Decision tree is one of the simplest and easiest model to run. It is one of the simplest known model for solving classification and prediction problems. It is simple to learn and visualize too. And, to be frank, in simple words, it can be easily converted into rule based system. This is the reason, I termed it as one of the easiest to understand and make others understand too. For understanding of node calculation in this model using information gain method, you can definitely look into the below post:

Understanding for the calculation is good enough and always a gain to better understand code, lets code the same using python:

Decision Tree developed in Python

Import libraries

import pandas as pd
from sklearn.datasets import load_iris
from sklearn.model_selection import train_test_split
from sklearn.tree import DecisionTreeClassifier
from sklearn.metrics import accuracy_score, confusion_matrix

### Loading deafult iris data into variable

data = load_iris()

dir(data) # to check the attributes inside data output will be :

['DESCR',
 'data',
 'feature_names',
 'filename',
 'frame',
 'target',
 'target_names']

### Taking independent features and dependent features(target)

independentFeatures = data.data
dependentFeatures = data.target
predicted_class = data.target_names

### Split the dataset to train and test the model i.e, 80/20 Here train variables will be used for training the model and once training is done, test variables will be used for validating the trained model.

X_train, X_test, y_train, y_test = train_test_split(independentFeatures, dependentFeatures, test_size=0.20, random_state=42)

### Create Decision tree model and train

decisionTree = DecisionTreeClassifier(random_state=0)

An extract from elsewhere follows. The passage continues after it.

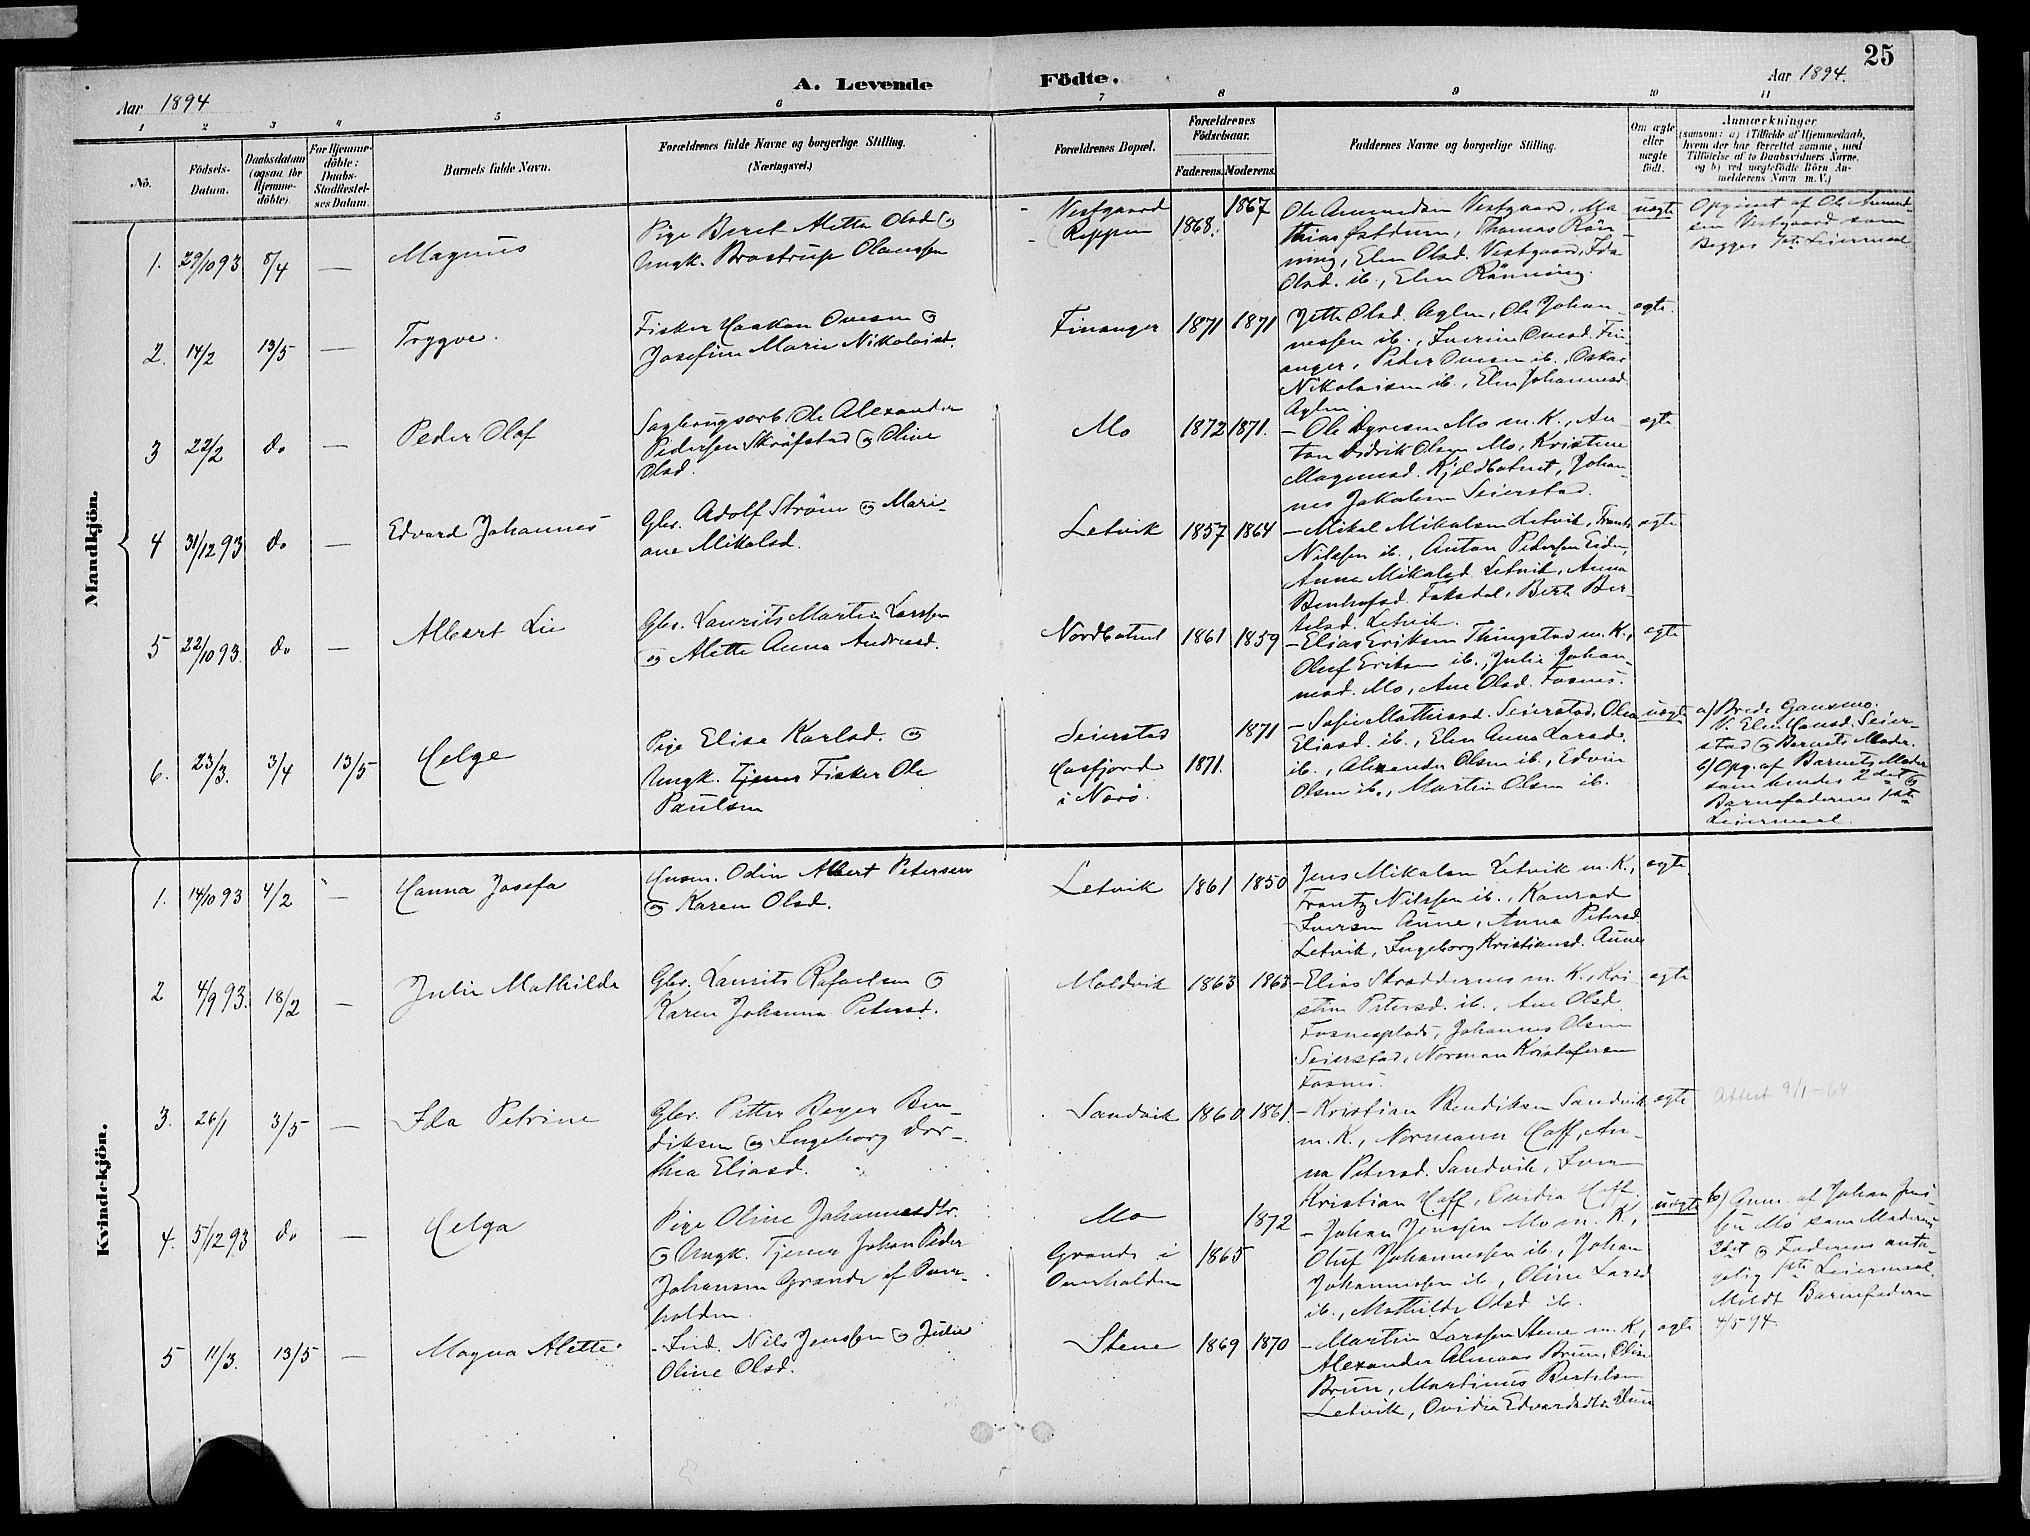 SAT, Ministerialprotokoller, klokkerbøker og fødselsregistre - Nord-Trøndelag, 773/L0617: Ministerialbok nr. 773A08, 1887-1910, s. 25

### Predict using the trained model

y_pred = decisionTree.predict(X_test)

### Plotting confusion matrix with normalization and without normalization

from sklearn.metrics import plot_confusion_matrix
import matplotlib.pyplot as plt
plot_confusion_matrix(decisionTree, X_test, y_test,display_labels = predicted_class, normalize = 'true')
plt.title("Confusion Matrix for Decision Tree predictions (Normalized)")
plt.show()

## Output of above plot will be :

None
plot_confusion_matrix(decisionTree, X_test, y_test,display_labels = predicted_class, normalize = None)
plt.title("Confusion Matrix for Decision Tree predictions(Without Normalization)")
plt.show()

## Output of the above plot will be:

None

### If required you can plot the decision tree learnt by the model using below code

from sklearn.tree import plot_tree
plot_tree(decisionTree,filled=True)
plt.show()

Output of the above code will be:

None
Decision Tree model learn from IRIS dataset

Thats it, we are done with the code in python to develop decision tree. And, it is able to predict. In current example, it has very little data and there is no depth decided while training the model. It is predicting 100% accurate. But in actual environment, when independent feature will be more and complexity will be higher. We need to do data pre processing and then apply pruning, play with depth of the model to come over problems like overfitting and under-fitting.

For beginning, we are ready in few lines of python code and importing some of the libraries with our decision tree model.

For installing above libraries, use pip install <<libraryname>>. And, above code is written in python 3.X and above.

I mentioned about overfitting and underfitting. It is most common term in ML. And, Decision Tree model tends to overfit and under-fit very fast.

Complexity of model makes it Overfit and over simplicity or undertrained model comes under Under-fitting.

To Stop overfitting, we have to perform pruning and decides the depth of trees. How it works well to avoid overfit : Pruning is Data compression techinque and it means reducing down the features which are not adding any value to the tree. E.g, feature A and feature B provides same information gain to the data, then there is no point having both features while training the model. And, given a situation where number of features are too much and all are used to train the model, then you can understand how useful pruning will become to generalize and converge better.

And, similarly if our model is trained with all the features and it is not converging better with the new data. It means to generalize better we need to reduce down the features or depth of the tree and increase the train data size.

Advantages of DT is simple to understand and explain. Disadvantages is that it tends to overfit and underfit very fast. I hope we have touched the depth of DT and with the knowledge of node calculation and coding, we are ready to deal with actual rule based problems to be converted in model and work better. Happy Coding!